Directions for this task: Reproduce the listing that follows word for word, without its pictures.

Provided data:

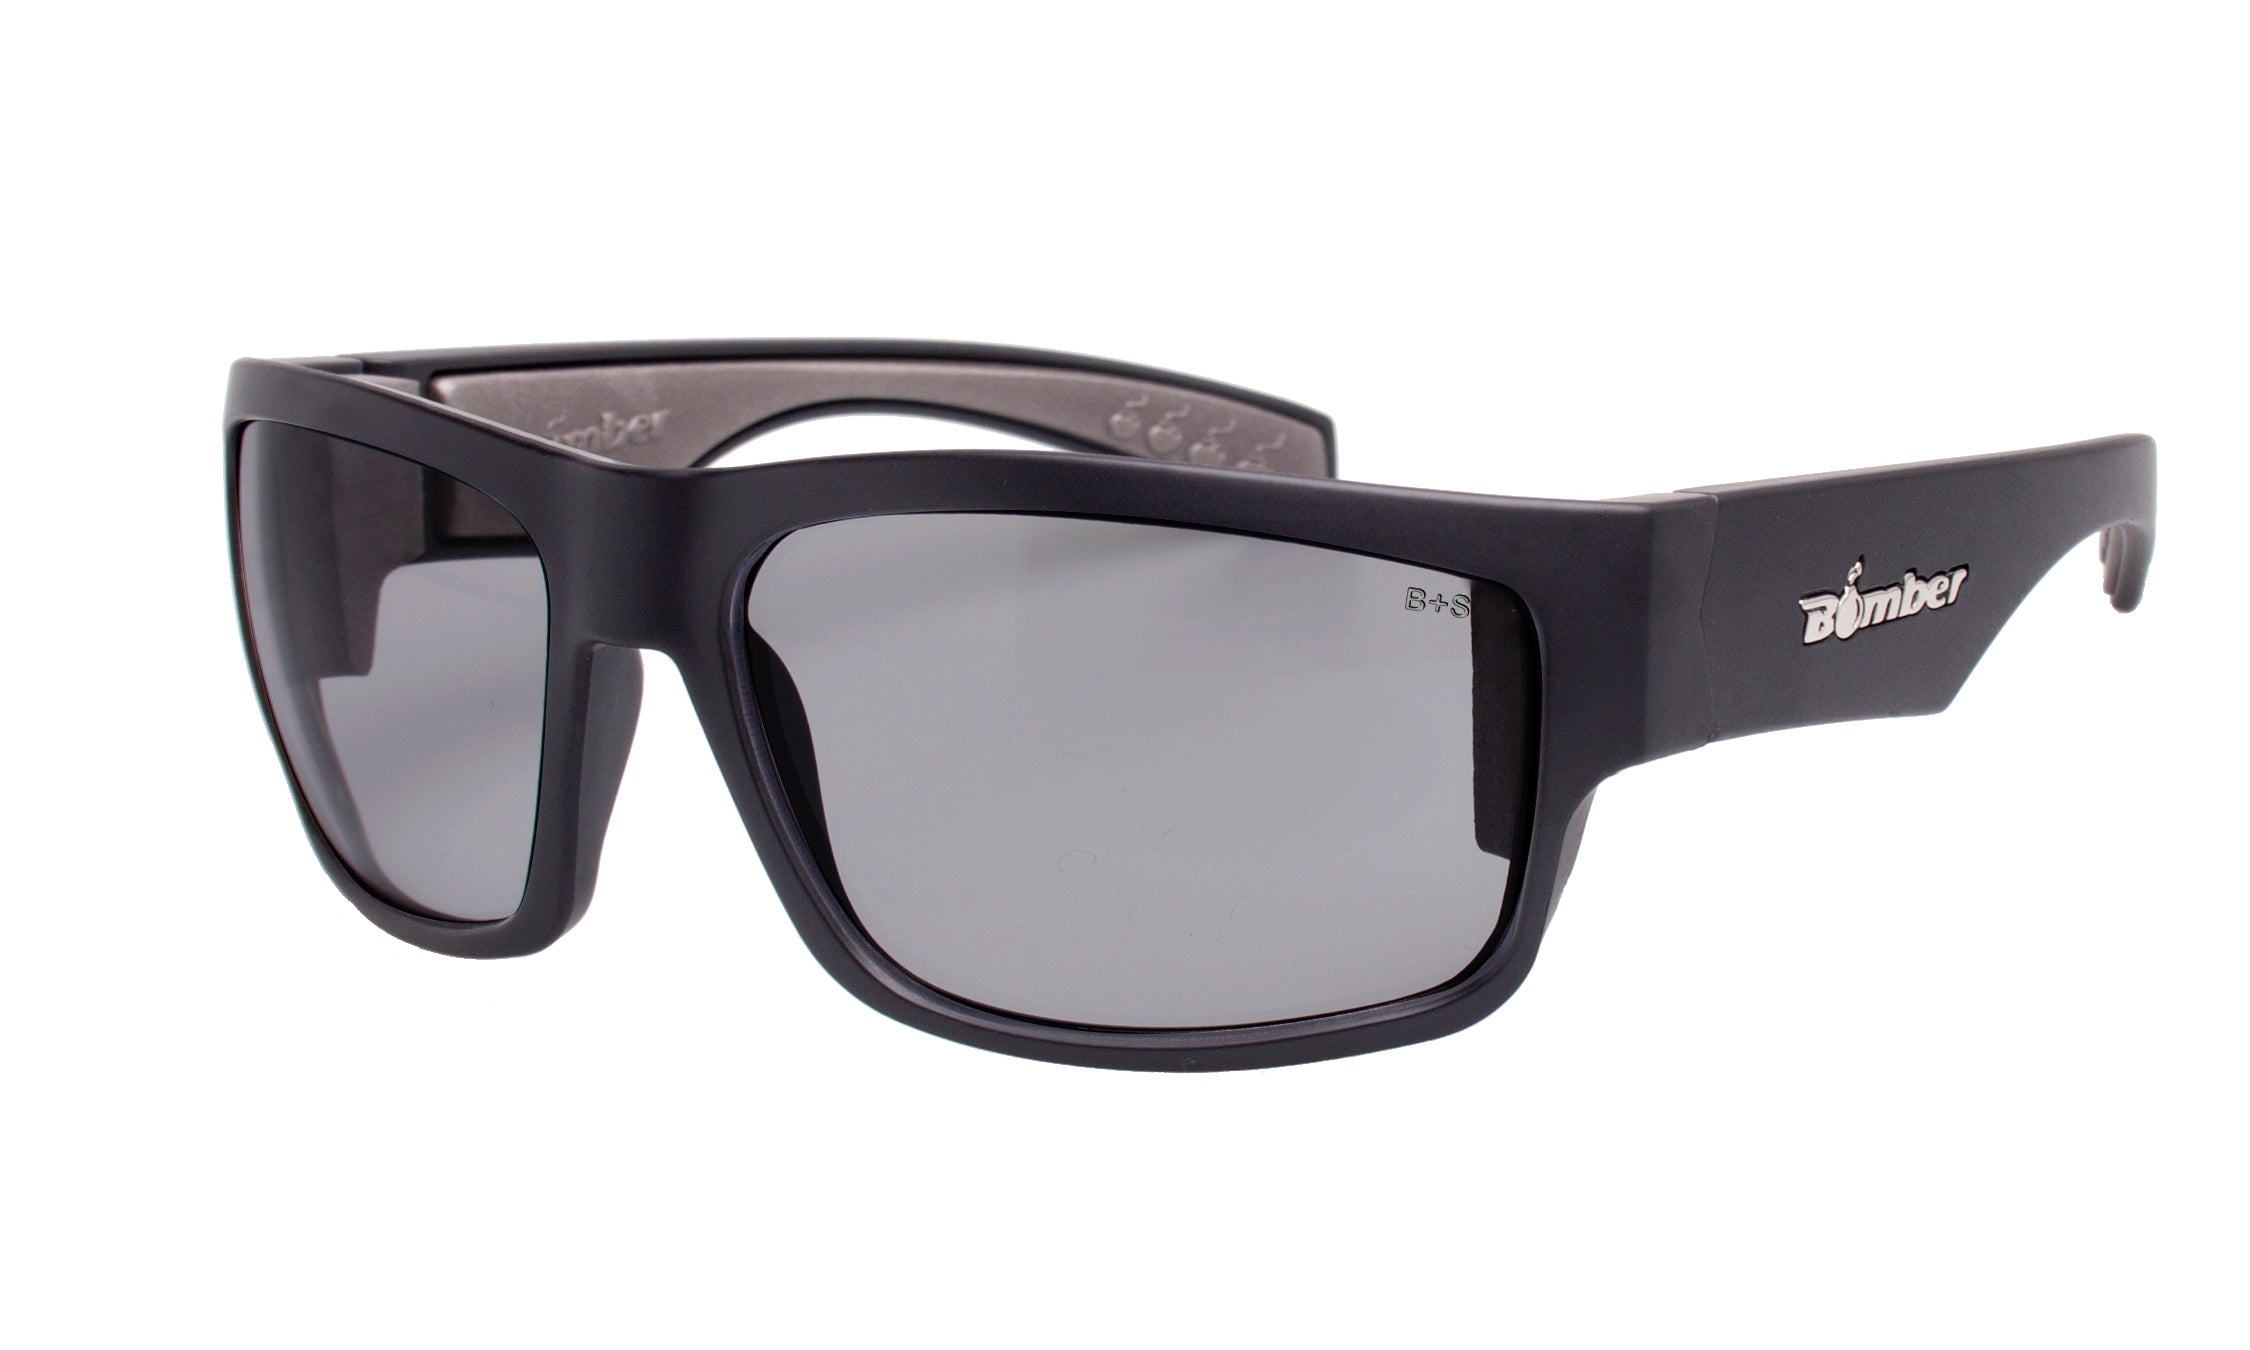 Bomber Sunglasses - Sugar Bomb Polarized Lens Black / Smoke / Gray
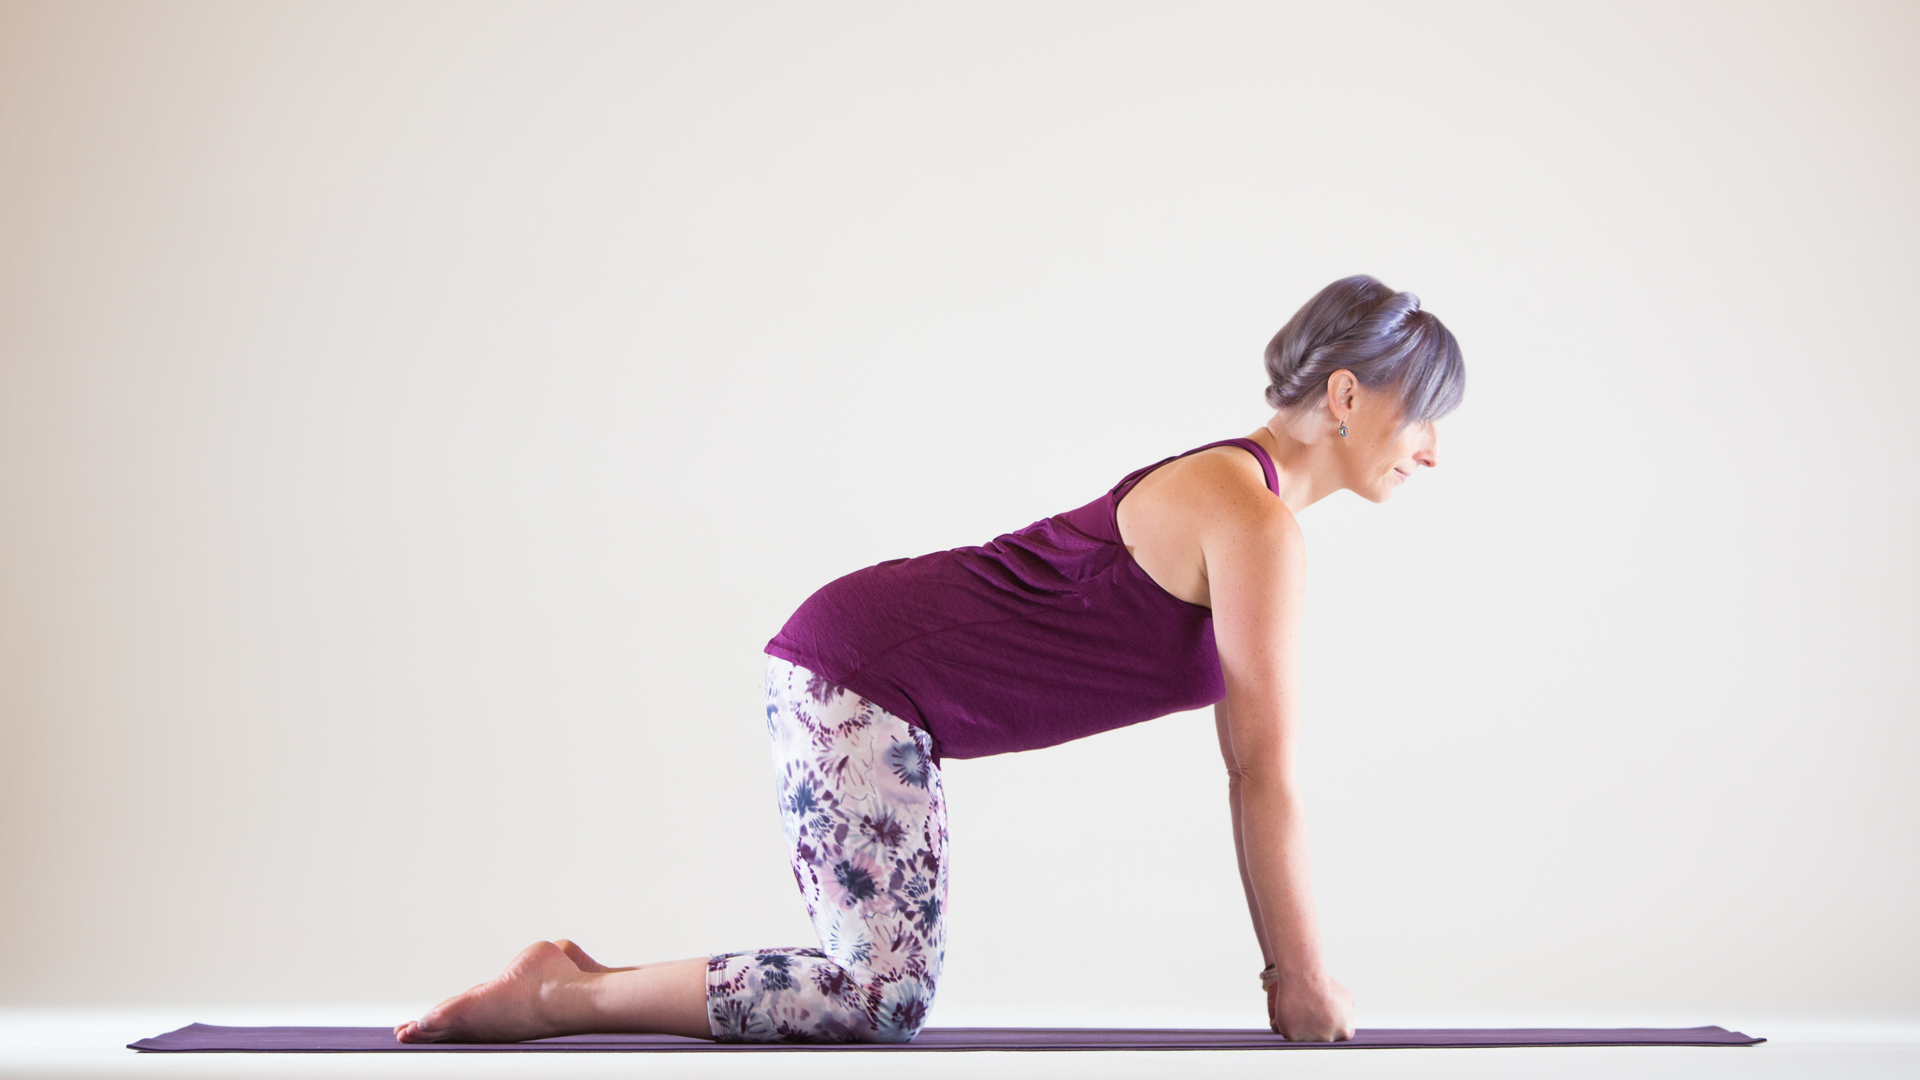 Yoga Poses for Beginners - ClassPass Blog
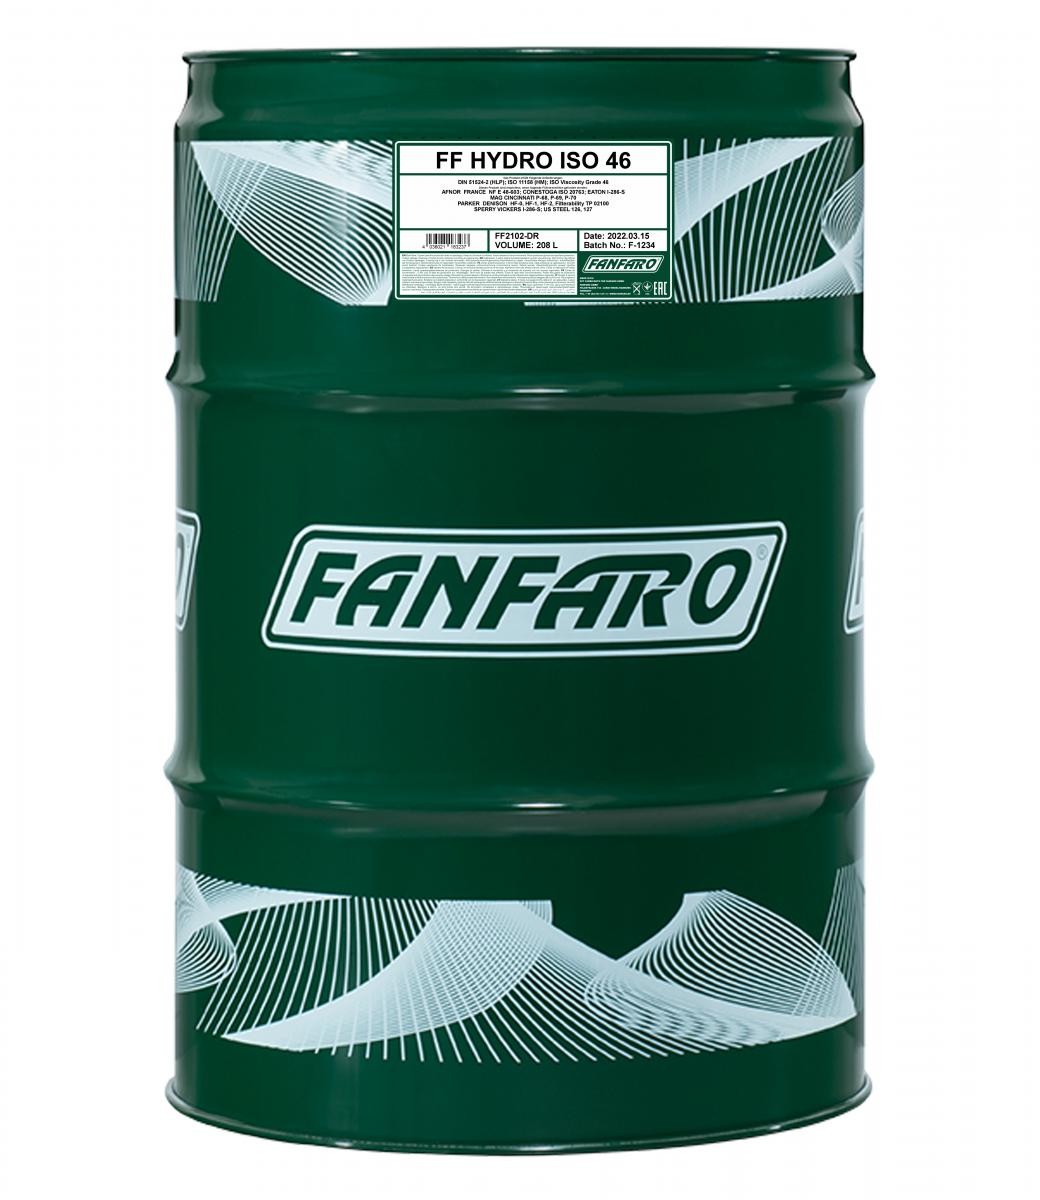 FANFARO Hydro, ISO 46 Inhalt: 208l DIN 51524-2 HLP, ISO 11158 HM, ISO VG 46 Hydrauliköl FF2102-DR kaufen

Response:
 Bomber Sunglasses - Sugar Bomb Polarized Lens Black / Smoke / Gray
 Yoga Poses for Beginners - ClassPass Blog
 FANFARO Hydro, ISO 46 Inhalt: 208l DIN 51524-2 HLP, ISO 11158 HM, ISO VG 46 Hydrauliköl FF2102-DR kaufen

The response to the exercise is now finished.